If you knew my personal history, and my own pilgrimage to a great university which was very much inspired by its ancient aura and fame, you would say “certainly you should be the last to judge people play-acting with their lives” and you would be right. I can see COMPLETELY the reasons for this trend, at this time, people are sort of spiritually starving. It would be so wonderful to be able to believe in your artistic destiny—or at least revel in port and dissolute habits and ancient words and fine wool pants until one finds it. But, but but…these are the trappings. These things do not a writing life make—and I am saying this as much to myself as to anyone else. I wish the trappings worked, like talismans, to make sure one’s interest in a subject never wanes–but it will ebb and flow. Collecting pretty things does not mean that you will actually crack the books.

There is such a big difference between wanting to Be a Person Who Reads Greek (for example), and then actually memorizing all the verb charts, doing hours upon hours of translation homework each night, and getting to every Friday afternoon test, so that you actually Learn Greek. I have been guilty of the Aspiration over the Perspiration so many times. (Greek is so cool! But the getting of Greek is pain!)

I was recently reflecting, after a grueling race to actually, finally meet a deadline that I made myself—that other gifts come out of “A Writing LifeĀ©,” beyond being admired, beyond being included in the stream of tradition. There is keeping a promise to yourself. Being analytical, then being more analytical. Tough, sweating kinds of growth that are not romantic, and not prize-worthy. I have found—a perfect setting for academic “toil” is not necessary. I don’t actually need polished wood and marble busts, I can in fact work under florescent strip lighting. When I saw that DA was an “aesthetic” I was initially interested, but it didn’t seem to be “working,” I wasn’t actually more inspired by looking at pictures of old libraries on Pinterest. PDFs are way more convenient.

I’m grown past the idea of the ‘romance of scholarship.’

(What’s next?

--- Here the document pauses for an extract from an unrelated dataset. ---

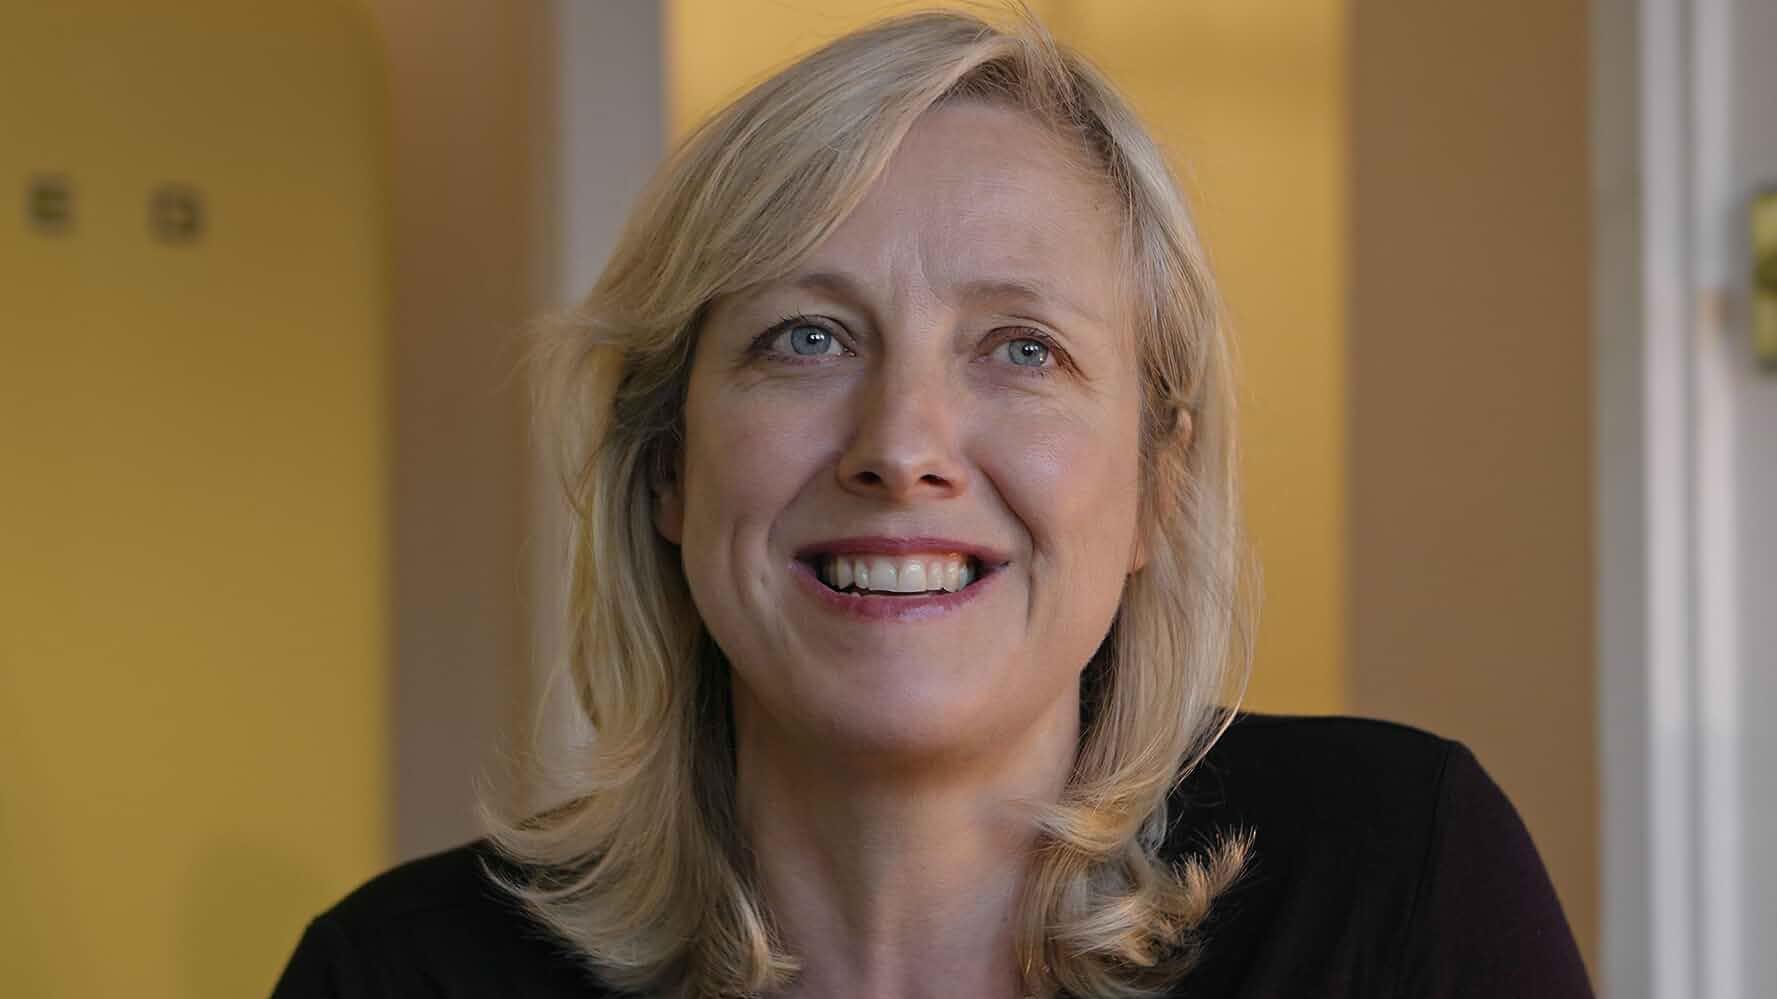 Carole Cadwalladr in The Great Hack (2019)
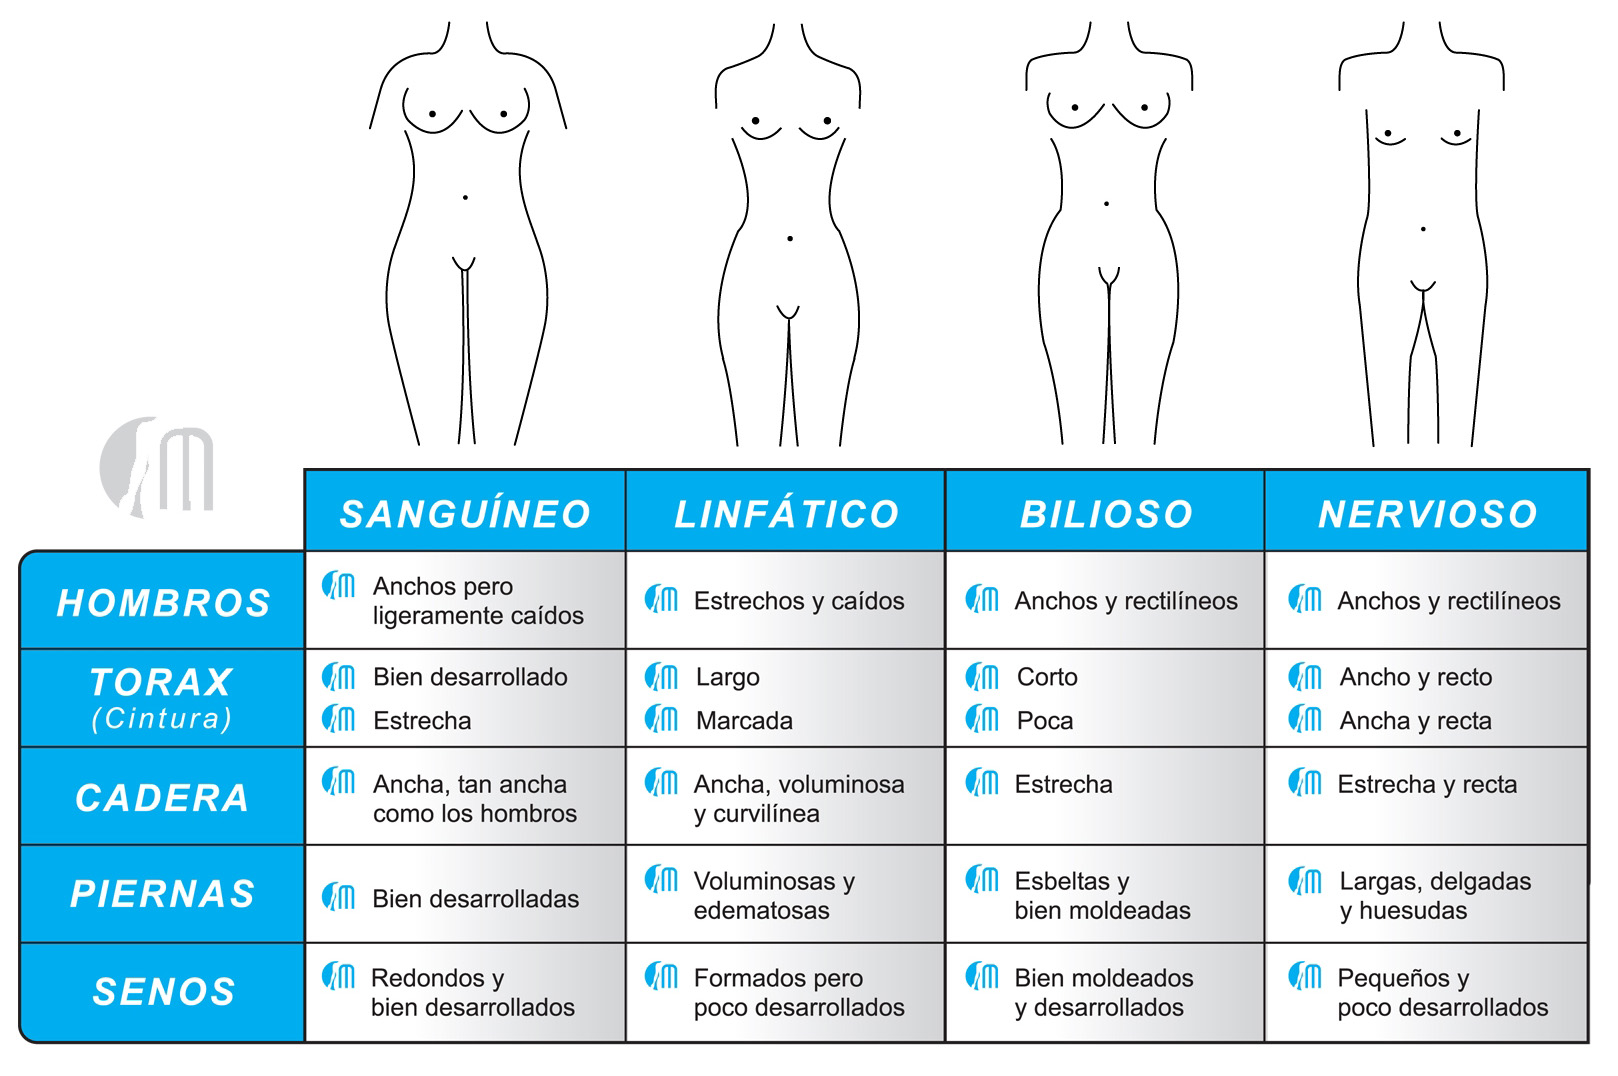 Tabla morfologia

Actually obtaining competency in my chosen subject?)

It’s a bit weird to think that now I just have to finish my thesis, sans rose-petal vapour wafting around my head, and no more visions of greatness. Just visions of practicality that most people have been shoving on me the whole time, but which I have resisted. Well, I resist no more. It is what it is. Maybe we all have to grow up sometime.

Anyway, now that I have hammered that nail very far down, let’s move on. I just want you to know that I am not using Jacob’s Room as a safe place in which to hide from the modern world. I live in a concrete capsule like so many others and my role in society is currently indefinite. However, the language used in Jacob’s Room simply sparkles, Virginia Woolf noticed every mundane thing without having to turn it over into something gorgeous, or some “aesethetic,” it was just about the noticing. I mostly see the work involved in her prose now—you can let your eyes slide over some sentences, but you realize, in others, the absolute picking and re-picking of the seams that went on there. The tiny stitches (forgive the female metaphor)—if Jane Austen worked days engraving her “tiny pieces of ivory” Virginia Woolf also worked—damned hard. I still don’t really understand fiction, but I am at the beginning of understanding the work that goes on behind three good words strung in a row.

Postscript:

I do love books where nothing happens but people wake up and put on their clothes and a city continues to bulge and contract. And this means—since I meant to read a V. Woolf novel every year, that I will be caught up from 2020 and able to read “The Waves” this year, which I really, REALLY want to do, on a beach with the diss. handed in and all the tiny struggling details forgotten.